#ubuntukylin-devel 2013-06-03
<TigerLuo> hello!  every one
<JackYu> hi, tigerluo
<ypwong> TigerLuo, hey
<maclin> :)
<JackYu> ypwong, see http://www.ubuntukylin.com/test/new/
<JackYu> the new version of website is under construction at /test. Hope to be online this night.
<ypwong> JackYu, got it
#ubuntukylin-devel 2013-06-04
<ypwong> 早
<JackYu> 早啊
<JackYu> ypwong, http://tech.sina.com.cn/it/2013-06-04/10178409483.shtml
<ypwong> oh cool
<ypwong> 有人願意翻譯一下 ubuntu phablet 的 UI 嗎？
<ypwong> details 發到 ubuntukylin-members 了
<JackYu> ok
#ubuntukylin-devel 2013-06-05
<whzhang> 呼叫Anthony
<JackYu> ypwong, jonas is calling you.
<ypwong> whzhang, seems working?
<whzhang> yes
<whzhang> i see you on the user list
<whzhang> can you seen anybody?
<ypwong> yes
<ypwong> luo lei, shine, etc
<JackYu> ypwong，画面是否流畅？
<ypwong> 一般。
<ypwong> 應該能應付吧。
<JackYu> 我在外面，网速比较差，打不开链接
<JackYu> 恩，我们尽量调试好一些
<JackYu> 至少不能比Google+差:)
<whzhang> 现在有14个人，jack的无线可能会差一些
<whzhang> 但是一旦公布，恐怕会有成千上百人涌入，倒是恐难应付
<JackYu> whzhang, 所以我们目前不要开放注册功能，由我们统一注册之后发放账户
<ypwong> 可以默認只能收聽嗎？
<JackYu> 还需要在看看如何设置
<ypwong> 要考驗你們的帶寬了。
<JackYu> 呵呵，是的
<JackYu> 所以到时候要限制参加人数，并且最好可以再设置一个代理，提供视频直播服务
<whzhang> 可以说话的，你能听到我们吗？
<ypwong> whzhang, 轉了用 firefox, 會在 adobe flash player settings 那裏卡住。
<whzhang> 需要一个插件
<whzhang> 需要一个补丁
<whzhang> 怎么发给你呢，IRC
<whzhang> 发邮件给你吧
<ypwong> ok
<ypwong> Luo Lei 在嗎？
<ypwong> jiaowen520li, thanks for your translations
<ypwong> jzheng, freeflying: around?
#ubuntukylin-devel 2013-06-06
<ypwong> jzheng, ping
<Yellow> 这不是有it'c
<Yellow> irc
<JackYu> 是的，这是Ubuntukylin的IRC
<ypwong> JackYu, the tool i said is mumble
<ypwong> http://mumble.sourceforge.net/
<JackYu> ypwong, ok, thanks.
<ypwong> JackYu, just an option only
<ypwong> JackYu, but perhaps you can set it up and we use for future conferences :)
<JackYu> sure:)
<Helcrops_> qq 900+的成员。给力啊
#ubuntukylin-devel 2013-06-07
 * Wiky oh_no
<ypwong> Wiky, hi
<maxiaojun> http://www.ubuntukylin.com/Community/ 上说的IRC频道好像都还不可用
<ypwong> maxiaojun, 跟本就是错的。。
<ypwong> :|
<ypwong> JackYu, 刚才 maxiaojun 说 http://www.ubuntukylin.com/Community/ 上写的 irc 频道不对呢。

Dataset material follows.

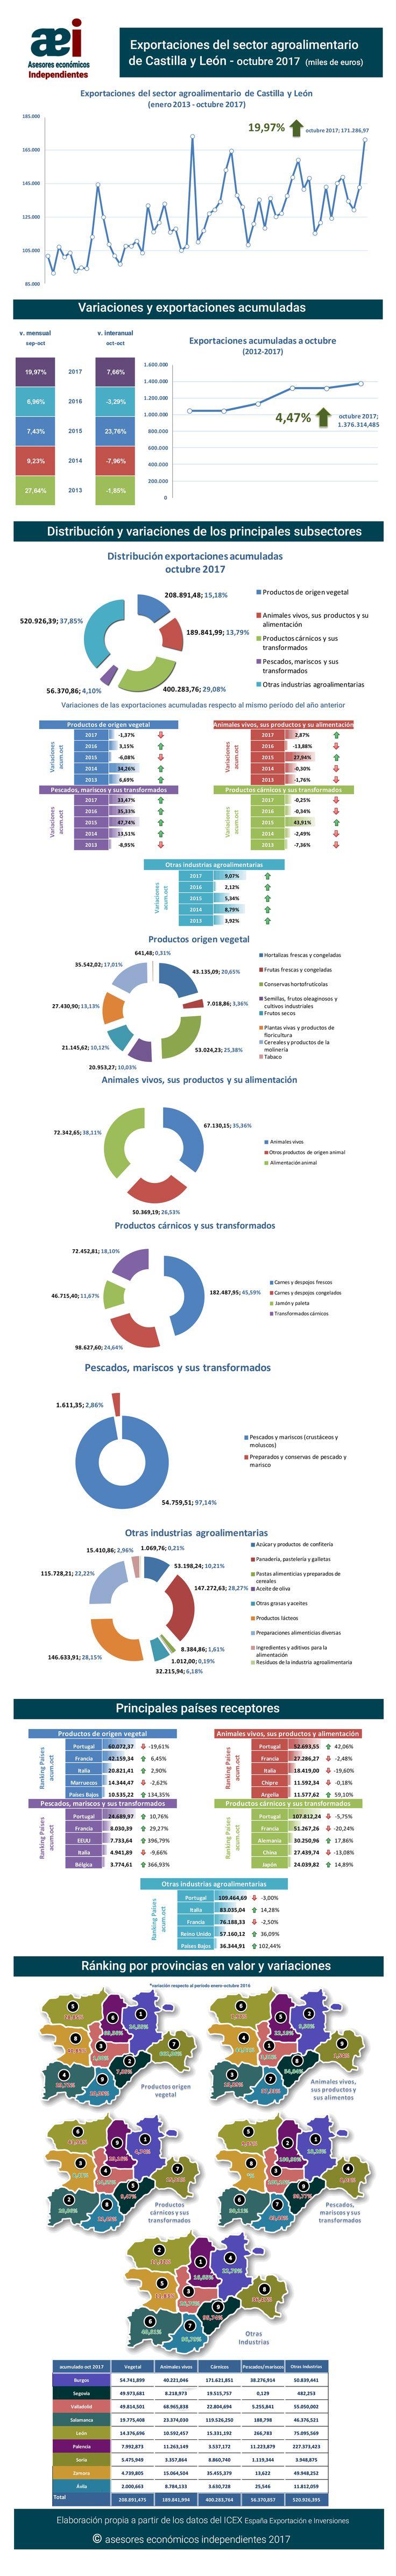 infografía de exportaciones del sector agroalimentario de Castilla y León en el mes de octubre 2017 realizada por Javier Méndez Lirón para asesores económicos independientes

<JackYu> ypwong, let me check...
<ypwong> 要是没准备好先不要把页面公开比较好。
<JackYu> 恩，这几天在调整和测试
<JackYu> 我们尽快稳定下来
<ypwong> 内测完才公开吧 :)
<JackYu> OK
<maxiaojun> 另外，就别专门开 #ubuntukylin-develop 了吧，直接用现在这个 #ubuntukylin-devel 就好
<JackYu> maxiaojun, 是的，这是我们同事录入时的错误，就是指devel
<JackYu> 谢谢
<maxiaojun> 对了，“交流群2：306929327”，使用Web QQ加入会显示群不存在，为什么？
<ypwong> dunno, i don't use QQ
 * Wiky hello
#ubuntukylin-devel 2013-06-08
<Wiky> hi,all
<ypwong> Wiky, 早
<Wiky> ypwong, 刚考完软件工程
<ypwong> Wiky, 你在哪里？
<Wiky> ypwong, 上海大学
<ypwong> 第几年了?
<Wiky> 第三年，下半年就大四了；最近在找实习
<Wiky> 我主要会的就是linux下的C编程，这方面的工作本来就少，实习就更少了
#ubuntukylin-devel 2013-06-09
<JackYu> ypwong, 收到信息没
<ypwong> JackYu, 关于？
<ypwong> JackYu, got it
<ypwong> JackYu, ok
<JackYu> :)
<JackYu> ypwong, reply your email about smplayer.
<ypwong> JackYu, thank you
<JackYu> ypwong, 关于这个bug，我觉得不是UK能处理的：https://bugs.launchpad.net/ubuntukylin/+bug/937968
<ypwong> JackYu, actually smplayer is quite nice
<ypwong> JackYu, 为什么不能呢
<JackYu> ypwong, 是的，我们也是觉得中文用户大多数使用smplayer，并且他对国内各种各样的视频格式支持得好一些。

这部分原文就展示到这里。